What will be the outcomes if the plan has been fully implemented? In order to provide a reference point, I compared the targets of China’s new urbanization strategy to the urban sustainable development goals (SDGs) contained in the Transforming our world: the 2030 Agenda for Sustainable Development (United Nations, 2015), which was passed in September, 2015 by United Nations Sustainable Development Summit.

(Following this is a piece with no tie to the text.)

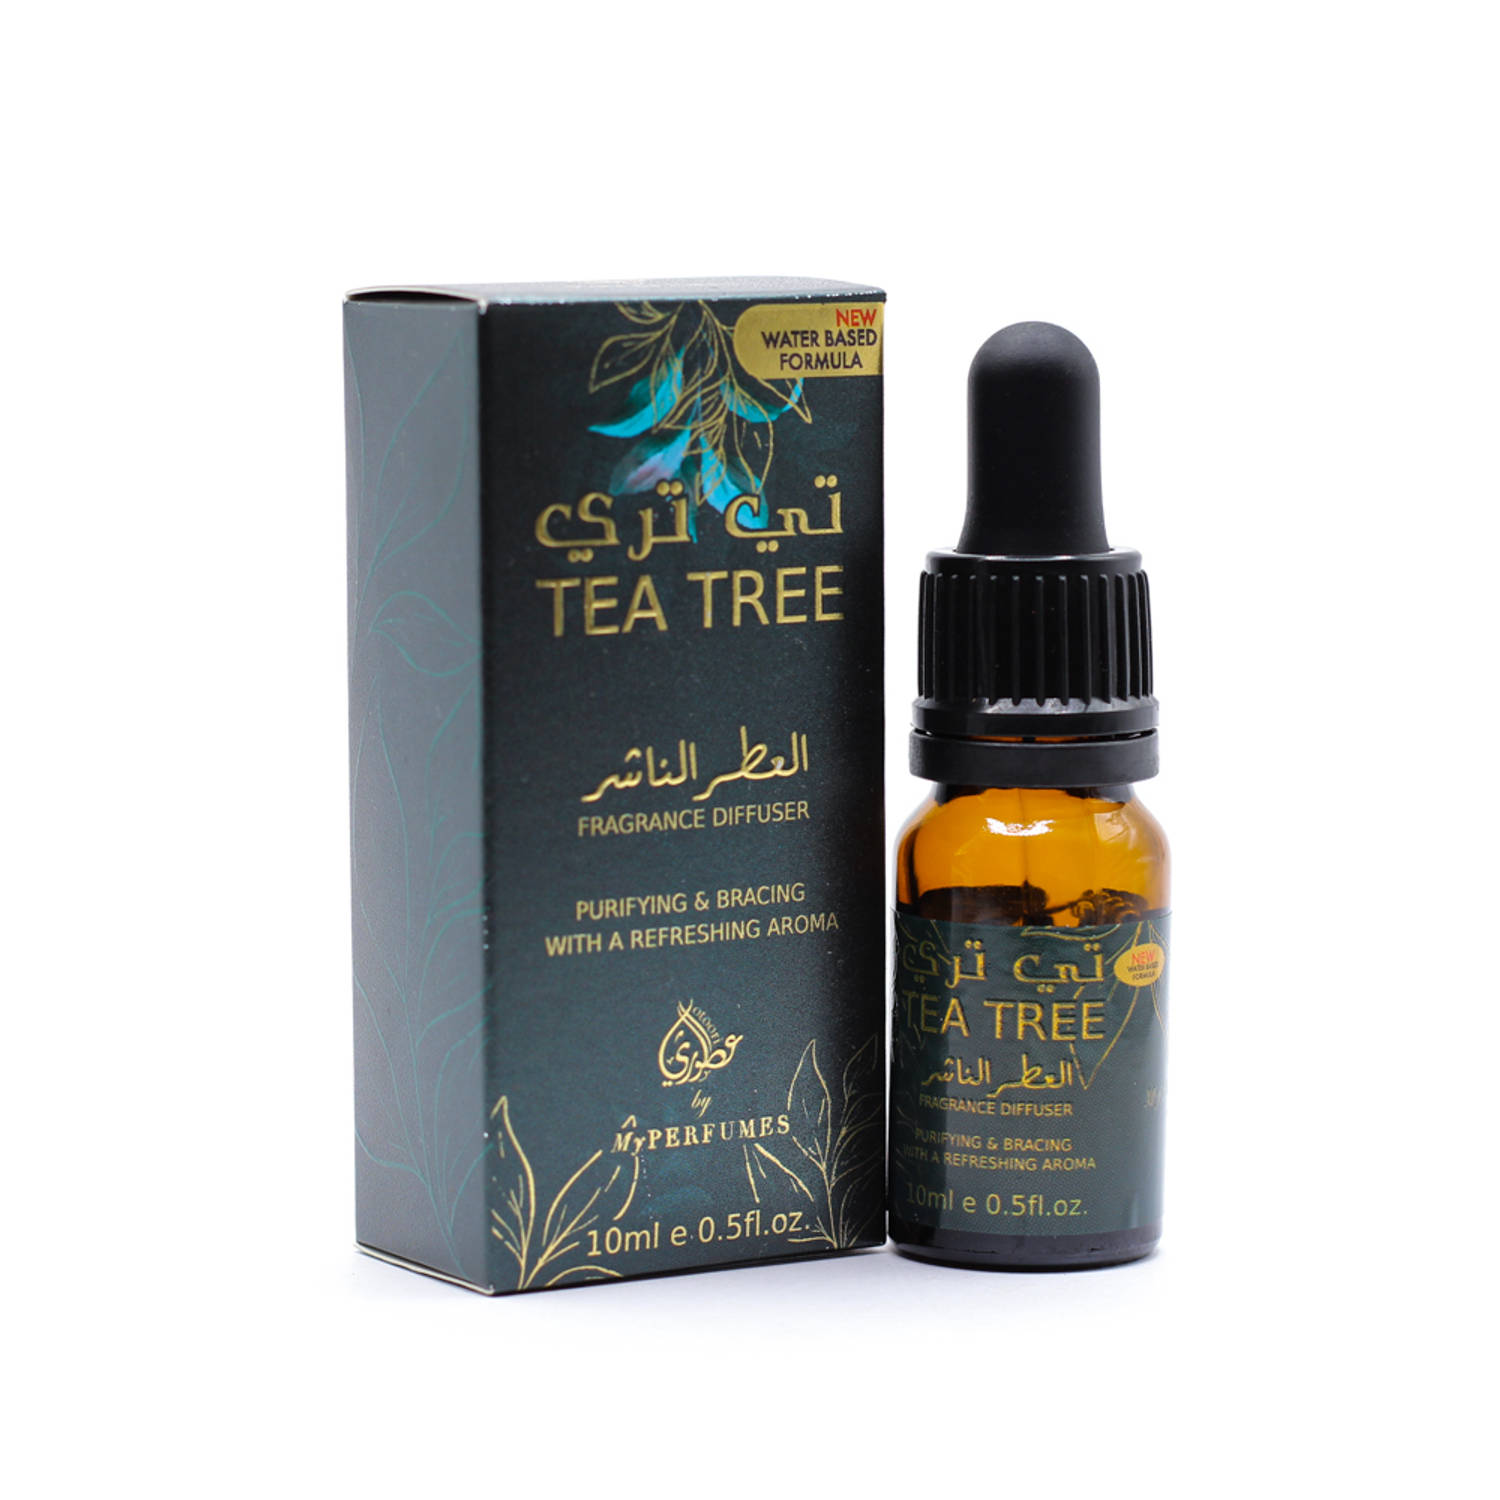 Tea Tree Geurolie - Parfumolie voor aroma diffuser, Luchtbevochtiger of aromabrander - Olie Diffuser - 10 ml

Table 1 Comparison of the urban SDGs with China’s New Urbanization strategy

Urban Sustainable Development Goal New Urbanization strategy of China
11.1. By 2030, ensure access for all to adequate, safe and affordable housing and basic services and upgrade slums Chapters 7 & 26: Achieve the balance of supply and demand through the market and governmental programs; ensure these who work permanently in cities will be entitled to affordable housing.
11.2. By 2030, provide access to safe, affordable, accessible and sustainable transport systems for all, improving road safety, notably by expanding public transport, with special attention to the needs of those in vulnerable situations, women, children, persons with disabilities and older persons Chapter 16: Give the priority to public transportation and achieve the goal of public transit stops within the 500- meter distance for all people in central districts of cities with a population over one million
11.3. By 2030, enhance inclusive and sustainable urbanization and capacity for participatory, integrated and sustainable human settlement planning and management in all countries Chapter 17: Improve the transparency and scientific rigor of urban planning and management
11.4. Strengthen efforts to protect and safeguard the world’s cultural and natural

heritage

Chapter 18: Emphasize the protection of cultural and natural heritage
11.5. By 2030, significantly reduce the number of deaths and the number of people

affected and substantially decrease the direct economic losses relative to global

gross domestic product caused by disasters, including water-related disasters, with a

focus on protecting the poor and people in vulnerable situations

Chapter 19: Enhance the emergency response system, improve the resistance to disasters, increase information sharing, and increase community participation in emergency management
11.6. By 2030, reduce the adverse per capita environmental impact of cities, including by paying special attention to air quality and municipal and other waste management Chapter 27: Promote low-carbon development and enforce the most strict eco-environment protection regulations
11.7. By 2030, provide universal access to safe, inclusive and accessible, green and public spaces, in particular for women and children, older persons and persons with disabilities Chapter 18: Increase the ecological spaces in cities, including forests, lakes, wetlands, greenways
11.a. Support positive economic, social and environmental links between urban, peri-urban and rural areas by strengthening national and regional development planning Chapters 20-22: Reduce the gap between urban and rural areas and increase the vigor of rural economy
11.b. By 2020, substantially increase the number of cities and human settlements adopting and implementing integrated policies and plans towards inclusion, resource efficiency, mitigation and adaptation to climate change, resilience to disasters, and develop and implement, in line with the Sendai Framework for Disaster Risk Reduction 2015–2030, holistic disaster risk management at all levels Chapters 16 & 19: Enhance the adaptation capacity of infrastructure to extreme weather events
11.c. Support least developed countries, including through financial and technical assistance, in building sustainable and resilient buildings utilizing local materials Not applicable

From the comparison we can see that China’s New Urbanization strategy aligns well with the urban SDGs. It addresses every SDG to a certain degree. However, there are still some differences. For example: the urban SDG is more ambitious on affordable housing because it calls for universal access. China’s more conservative goal reflects the reality that affordable housing is not an easy-to-solve problem for China as the inter-governmental structure was believed to be the main barrier (Zou, 2014). Another noticeable difference is the lack of emphasis on adaptation to climate change in China’s strategy. It does address preparation for extreme weather events in cities. Nevertheless, slow changes such as the rise in average temperatures and the alteration of precipitation patterns can also pose great risks to many urban areas in China especially since more than 50% of Chinese cities have water shortage problems.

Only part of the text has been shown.